* _Problem to work on_
All of the data below should be returned exactly.

* _Records shown_
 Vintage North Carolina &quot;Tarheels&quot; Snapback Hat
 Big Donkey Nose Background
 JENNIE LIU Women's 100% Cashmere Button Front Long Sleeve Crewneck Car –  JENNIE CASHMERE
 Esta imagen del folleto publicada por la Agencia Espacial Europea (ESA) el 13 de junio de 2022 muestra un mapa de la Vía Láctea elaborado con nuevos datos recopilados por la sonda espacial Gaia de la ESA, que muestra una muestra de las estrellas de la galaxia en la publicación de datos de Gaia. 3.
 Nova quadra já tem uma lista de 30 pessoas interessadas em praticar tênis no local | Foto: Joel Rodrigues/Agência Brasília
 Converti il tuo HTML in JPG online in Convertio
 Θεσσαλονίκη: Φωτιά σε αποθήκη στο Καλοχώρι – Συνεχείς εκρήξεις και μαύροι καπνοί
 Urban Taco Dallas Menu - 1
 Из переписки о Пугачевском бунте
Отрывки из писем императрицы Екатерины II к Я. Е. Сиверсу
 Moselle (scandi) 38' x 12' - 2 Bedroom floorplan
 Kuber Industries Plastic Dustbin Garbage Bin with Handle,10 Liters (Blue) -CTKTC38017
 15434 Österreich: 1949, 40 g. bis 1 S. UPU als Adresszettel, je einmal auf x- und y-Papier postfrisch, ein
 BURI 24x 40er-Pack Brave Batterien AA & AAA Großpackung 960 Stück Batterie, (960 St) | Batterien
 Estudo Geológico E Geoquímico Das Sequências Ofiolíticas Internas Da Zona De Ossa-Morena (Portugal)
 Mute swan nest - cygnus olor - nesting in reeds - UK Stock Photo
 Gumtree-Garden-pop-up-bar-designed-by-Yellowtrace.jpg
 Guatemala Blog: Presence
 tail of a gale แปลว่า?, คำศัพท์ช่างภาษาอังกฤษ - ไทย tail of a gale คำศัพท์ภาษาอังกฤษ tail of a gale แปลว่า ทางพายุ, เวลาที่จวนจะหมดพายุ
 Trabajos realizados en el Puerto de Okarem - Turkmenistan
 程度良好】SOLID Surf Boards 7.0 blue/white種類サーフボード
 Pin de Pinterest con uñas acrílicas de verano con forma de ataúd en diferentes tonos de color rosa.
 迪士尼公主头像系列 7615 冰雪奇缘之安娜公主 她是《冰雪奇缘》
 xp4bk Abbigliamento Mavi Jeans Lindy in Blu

* _Result of the task_
 Vintage North Carolina &quot;Tarheels&quot; Snapback Hat
 Big Donkey Nose Background
 JENNIE LIU Women's 100% Cashmere Button Front Long Sleeve Crewneck Car –  JENNIE CASHMERE
 Esta imagen del folleto publicada por la Agencia Espacial Europea (ESA) el 13 de junio de 2022 muestra un mapa de la Vía Láctea elaborado con nuevos datos recopilados por la sonda espacial Gaia de la ESA, que muestra una muestra de las estrellas de la galaxia en la publicación de datos de Gaia. 3.
 Nova quadra já tem uma lista de 30 pessoas interessadas em praticar tênis no local | Foto: Joel Rodrigues/Agência Brasília
 Converti il tuo HTML in JPG online in Convertio
 Θεσσαλονίκη: Φωτιά σε αποθήκη στο Καλοχώρι – Συνεχείς εκρήξεις και μαύροι καπνοί
 Urban Taco Dallas Menu - 1
 Из переписки о Пугачевском бунте
Отрывки из писем императрицы Екатерины II к Я. Е. Сиверсу
 Moselle (scandi) 38' x 12' - 2 Bedroom floorplan
 Kuber Industries Plastic Dustbin Garbage Bin with Handle,10 Liters (Blue) -CTKTC38017
 15434 Österreich: 1949, 40 g. bis 1 S. UPU als Adresszettel, je einmal auf x- und y-Papier postfrisch, ein
 BURI 24x 40er-Pack Brave Batterien AA & AAA Großpackung 960 Stück Batterie, (960 St) | Batterien
 Estudo Geológico E Geoquímico Das Sequências Ofiolíticas Internas Da Zona De Ossa-Morena (Portugal)
 Mute swan nest - cygnus olor - nesting in reeds - UK Stock Photo
 Gumtree-Garden-pop-up-bar-designed-by-Yellowtrace.jpg
 Guatemala Blog: Presence
 tail of a gale แปลว่า?, คำศัพท์ช่างภาษาอังกฤษ - ไทย tail of a gale คำศัพท์ภาษาอังกฤษ tail of a gale แปลว่า ทางพายุ, เวลาที่จวนจะหมดพายุ
 Trabajos realizados en el Puerto de Okarem - Turkmenistan
 程度良好】SOLID Surf Boards 7.0 blue/white種類サーフボード
 Pin de Pinterest con uñas acrílicas de verano con forma de ataúd en diferentes tonos de color rosa.
 迪士尼公主头像系列 7615 冰雪奇缘之安娜公主 她是《冰雪奇缘》
 xp4bk Abbigliamento Mavi Jeans Lindy in Blu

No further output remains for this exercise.